*THE PROBLEM:*
Would you retype the line that contains "4480x1080 fondo de" and all lines following it to the end of the entries below, exactly and without pictures?

[Records from a data collection]
^^^^^^^^^^^^^^^^

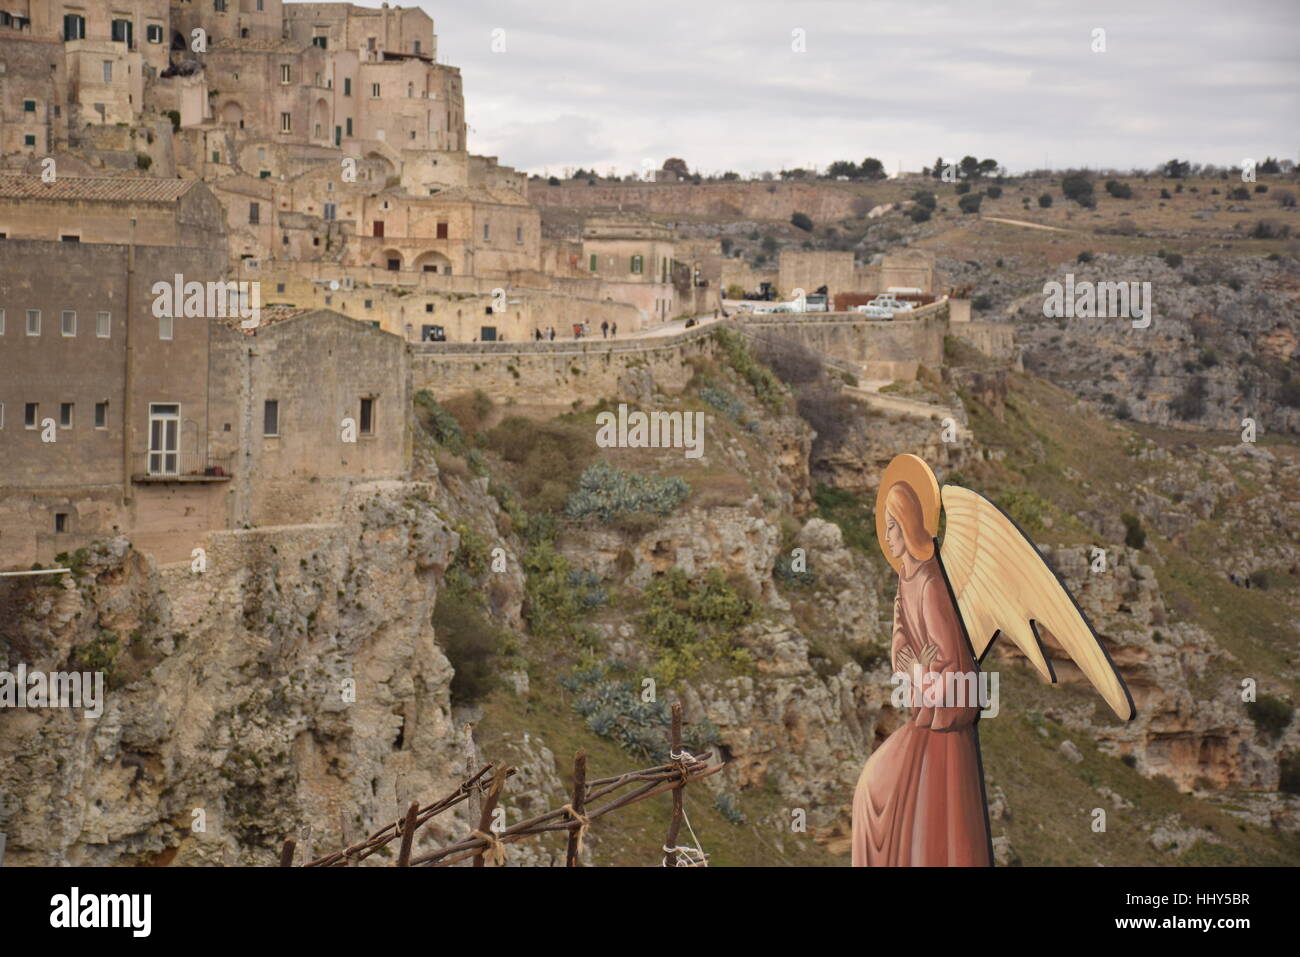 Vue panoramique sur les pierres de Matera (Sassi di Matera), Capitale européenne de la Culture 2019 04 janvier, 2017 - Italie Banque D'Images
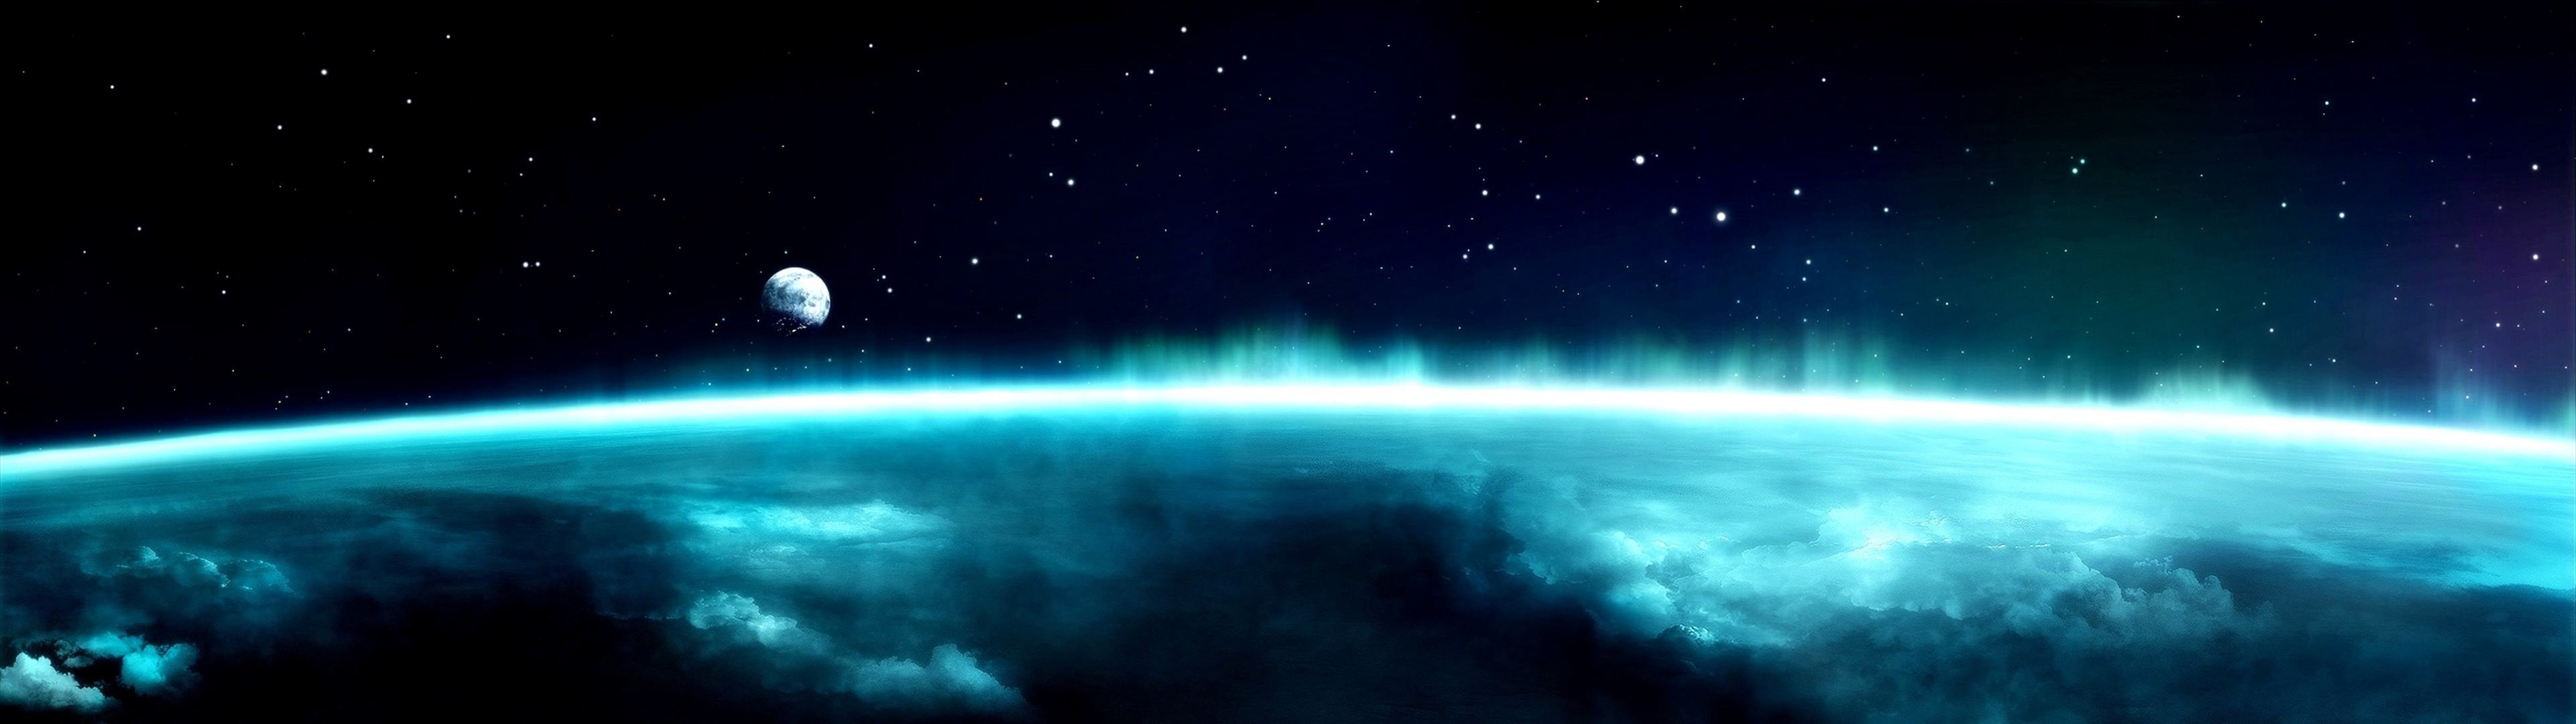 4480x1080 fondo de pantalla,atmósfera,espacio exterior,naturaleza,cielo,objeto astronómico
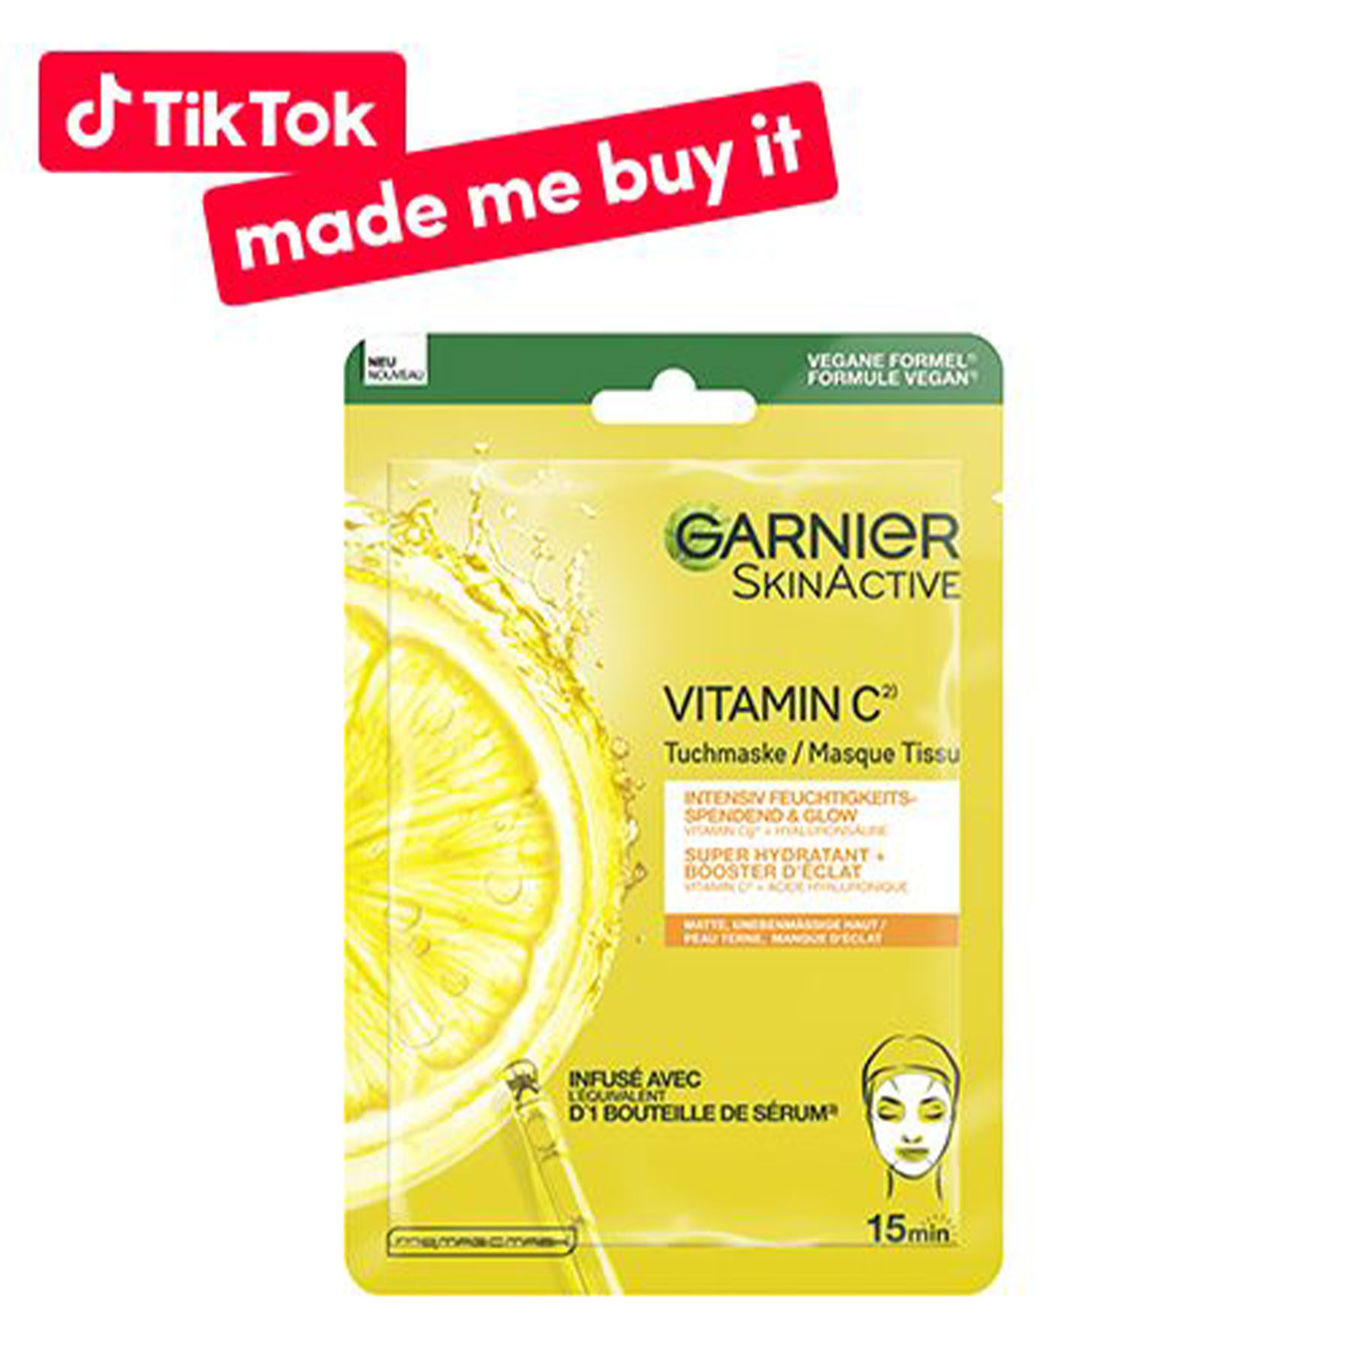 Garnier Vitamin C* feuchtigkeitsspendende & Glow Tuchmaske von Garnier
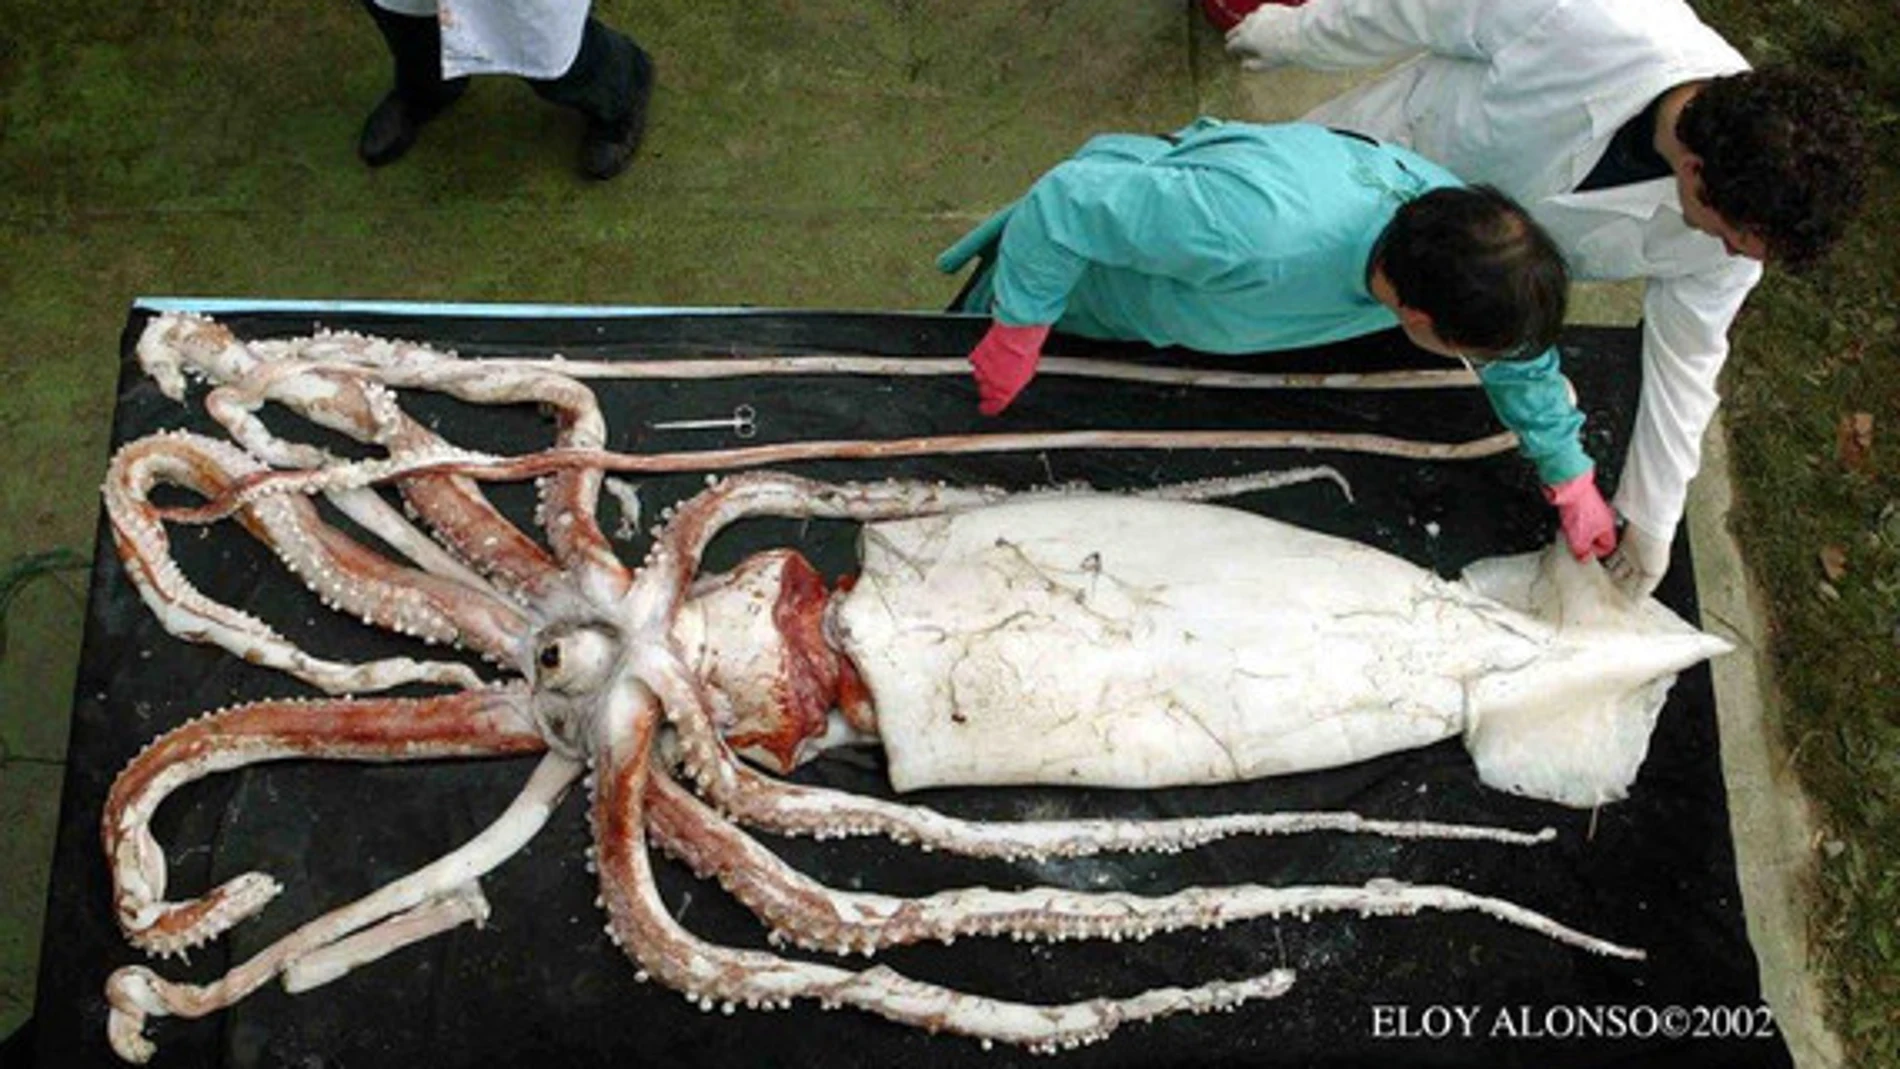 Ejemplar de calamar gigante hembra capturado en las costas de Asturias
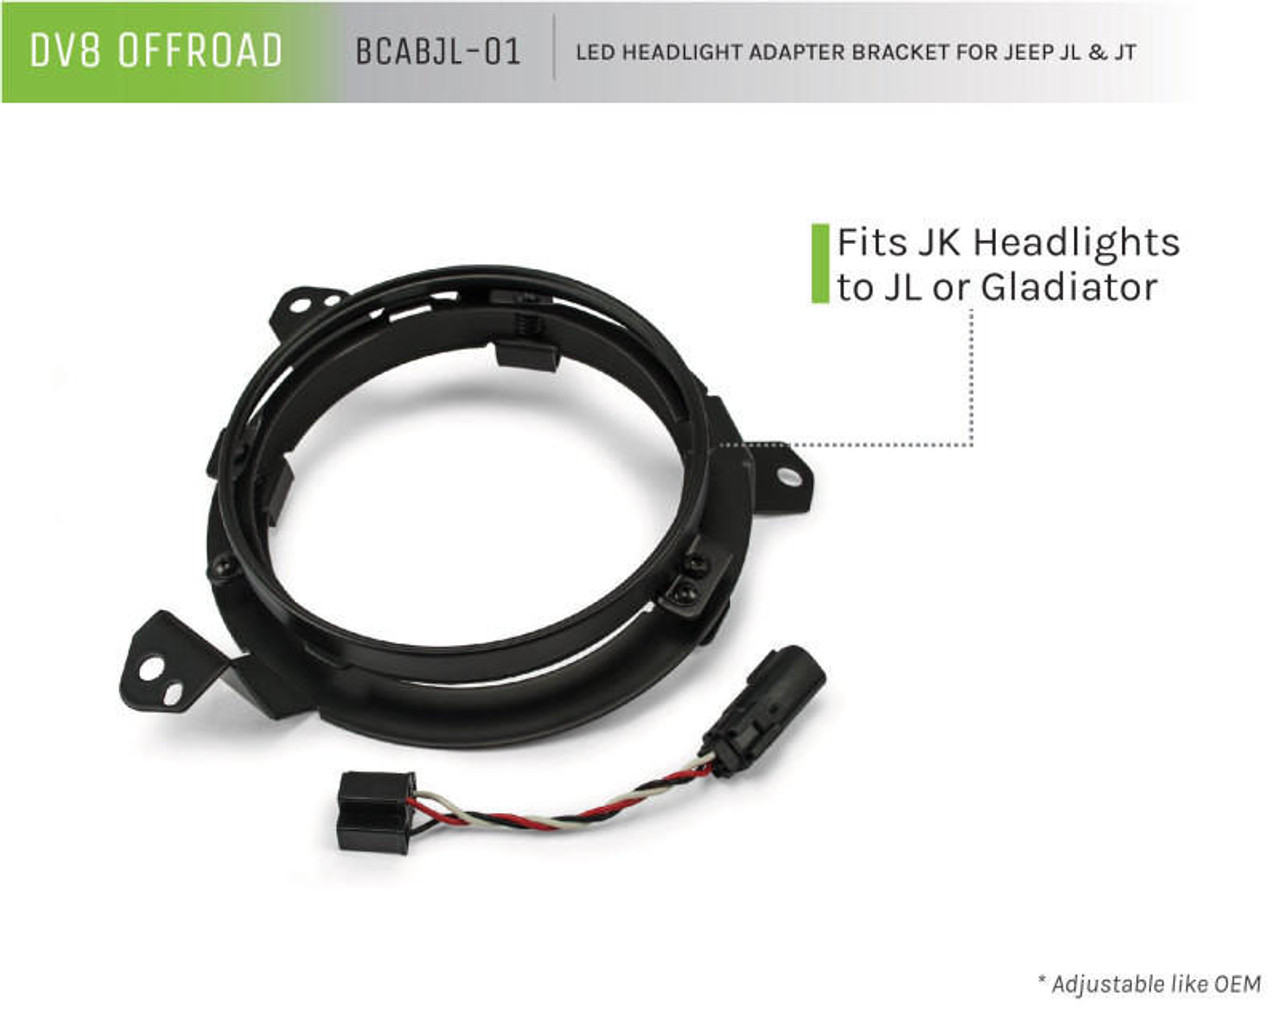  DV8 Offroad 18+ Jeep JL/Gladiator TJ / 7in Headlights Adapter Kit - BCABJL-01

^^^^^^^^^^^^^^^^

*YOUR RESPONSE:*
 4480x1080 fondo de pantalla,atmósfera,espacio exterior,naturaleza,cielo,objeto astronómico
 Garnier Vitamin C* feuchtigkeitsspendende & Glow Tuchmaske von Garnier
 Ejemplar de calamar gigante hembra capturado en las costas de Asturias
  DV8 Offroad 18+ Jeep JL/Gladiator TJ / 7in Headlights Adapter Kit - BCABJL-01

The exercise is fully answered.